If your provider offers a hardship plan, it may provide relief in the event that circumstances outside your control, such as sickness or unemployment affect the ability of you to manage your payments. And even if you aren't suffering from illness or unemployment the effects of inflation are causing financial problems for many. Based on NerdWallet's NerdWallet survey, 45% of employed Americans believe that their salaries haven't been increasing enough over the past year to keep up with the rate of inflation.

 

Whether you bargain with your lender or accept the terms of a hardship program, either option could result in more affordable rates of interest or waived fees depending on the issuer.

 

The small adjustments could suffice to help you get control of your debt The worst thing you can do is decide to say no.

 

4. Find help for debt relief

 

If the amount you owe is greater than you can pay every month and you're trying to bring the debt in check, then it may be time to take more serious steps.
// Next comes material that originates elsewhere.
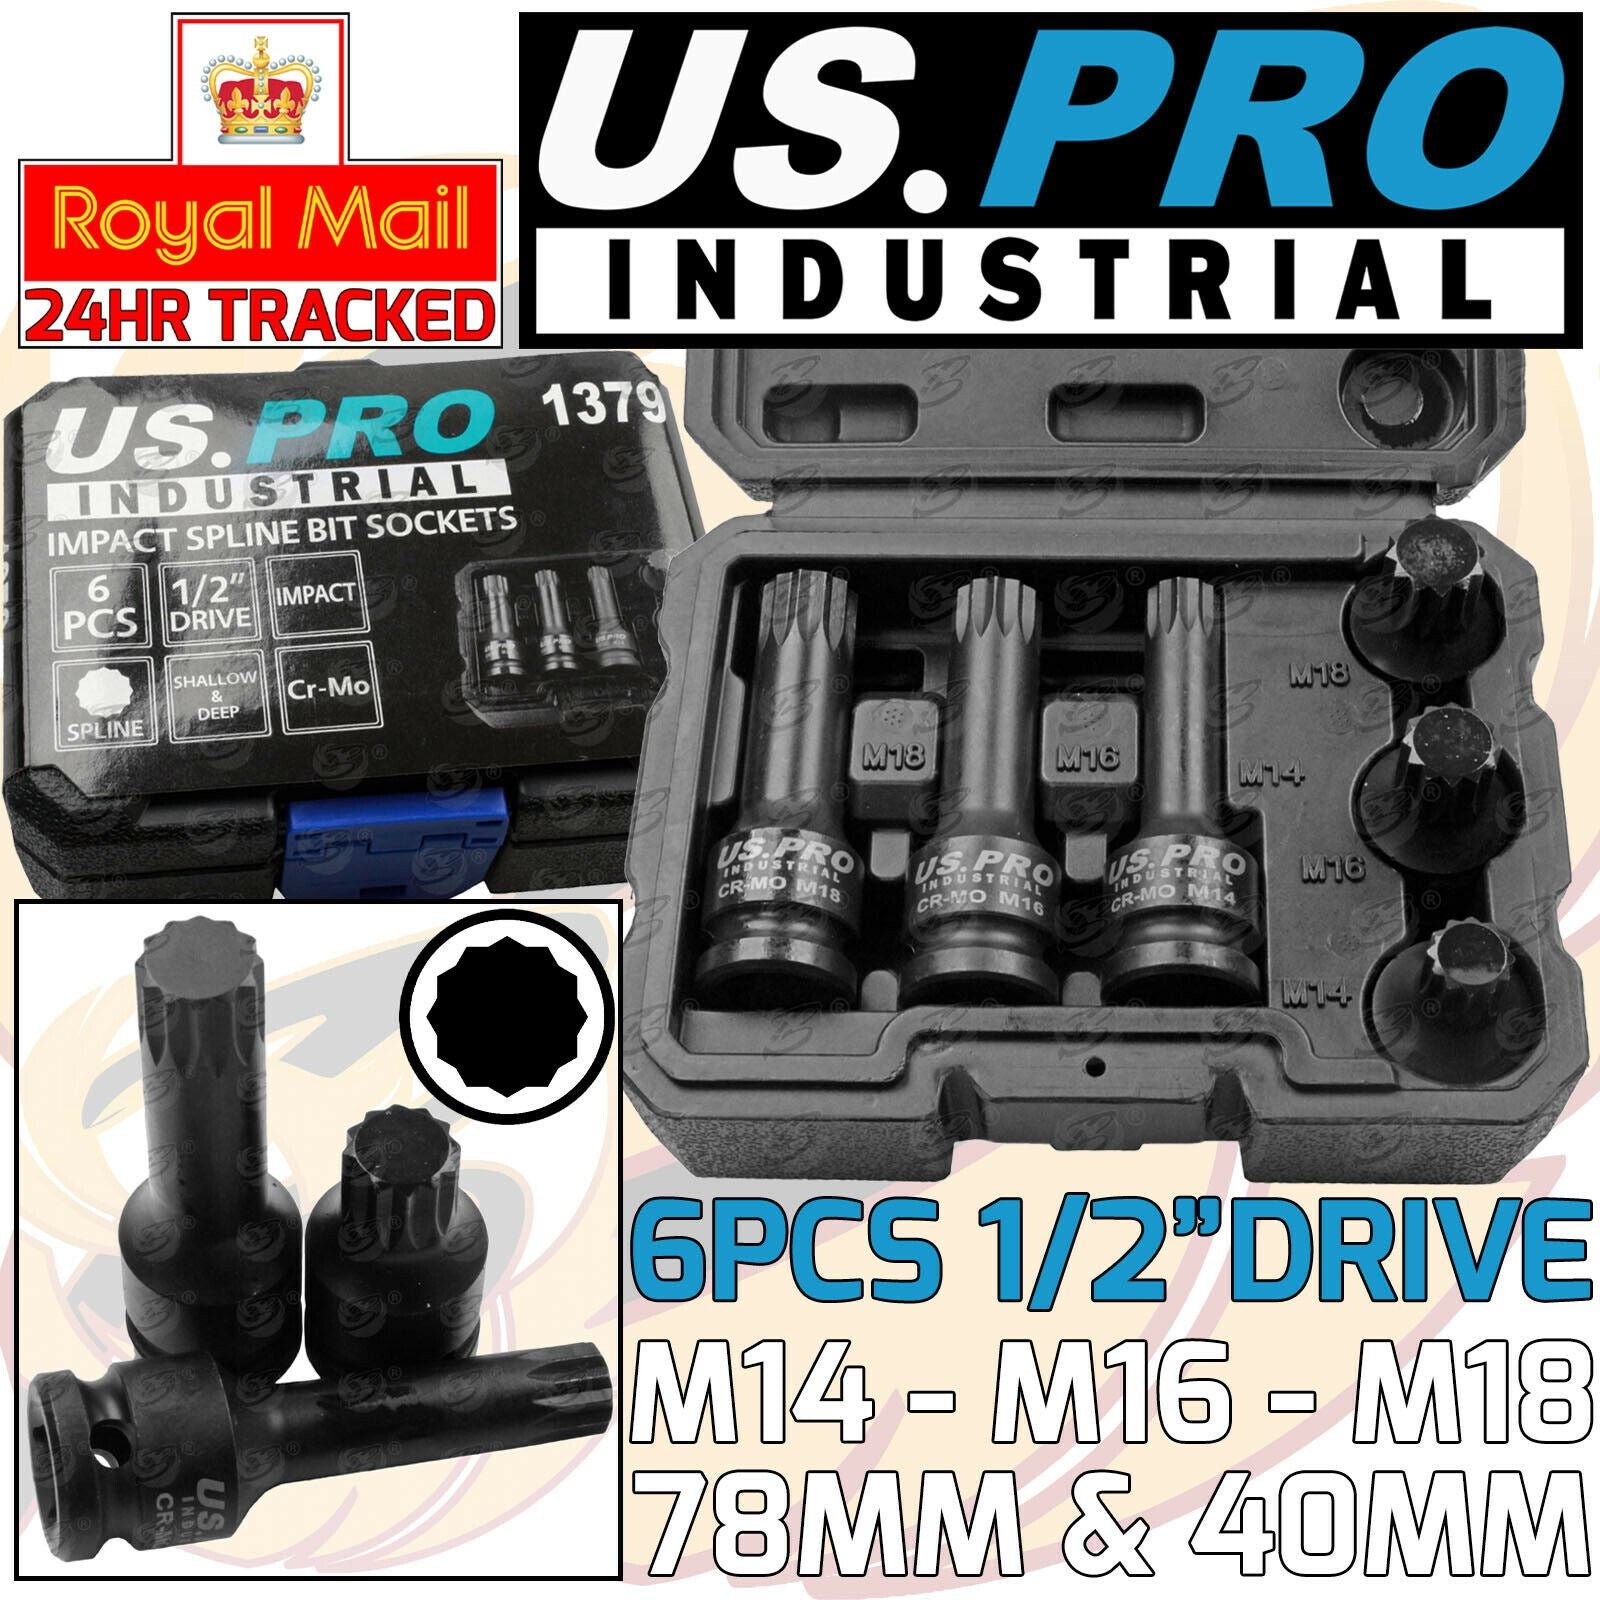 US PRO INDUSTRIAL 6PCS 1/2" DRIVE IMPACT SPLINE BIT SOCKETS M14 - M18

You could consider, for example, an approach to managing debt.

 

Debt management plan

 

They are made with the help of are created with the help of . Counselors negotiate new conditions with your creditors and help you consolidate debt from your credit cards. You'll then pay the counseling agency a fixed rate each month. The credit account you have may be shut down, and you might have to stop making new credit cards for a time.

 

Bankruptcy

 

Filing for wipes wipes out unsecured debt such as credit cards, but not without consequences. It can assist you in restructuring your debts into a repayment plan over three to five years. It could be the best option if have assets you want to retain. The bankruptcy will remain in your credit file for seven to 10 years, though your credit score is likely to bounce back during the months following the filing. Some debts, such as and tax debts, generally aren't erased by bankruptcy.

 

Debt settlement

 

Under debt settlement, a creditor will accept less than the amount that you owe. Even though it may sound like a good deal, it's not an option for the majority of people. In general, you employ an agency for debt settlement to bargain with your creditors on your behalf. Read more details on and the risks you take.

 

 

 

Authors' Bios Sean Pyles is the executive producer and host of NerdWallet's Smart Money podcast. His writing has been featured throughout the pages of The New York Times, USA Today and elsewhere.

 

 

 

Tiffany Lashai Curtis is a leading writer for the personal finance team. She has more than five years of experience writing about issues that affect marginalized communities.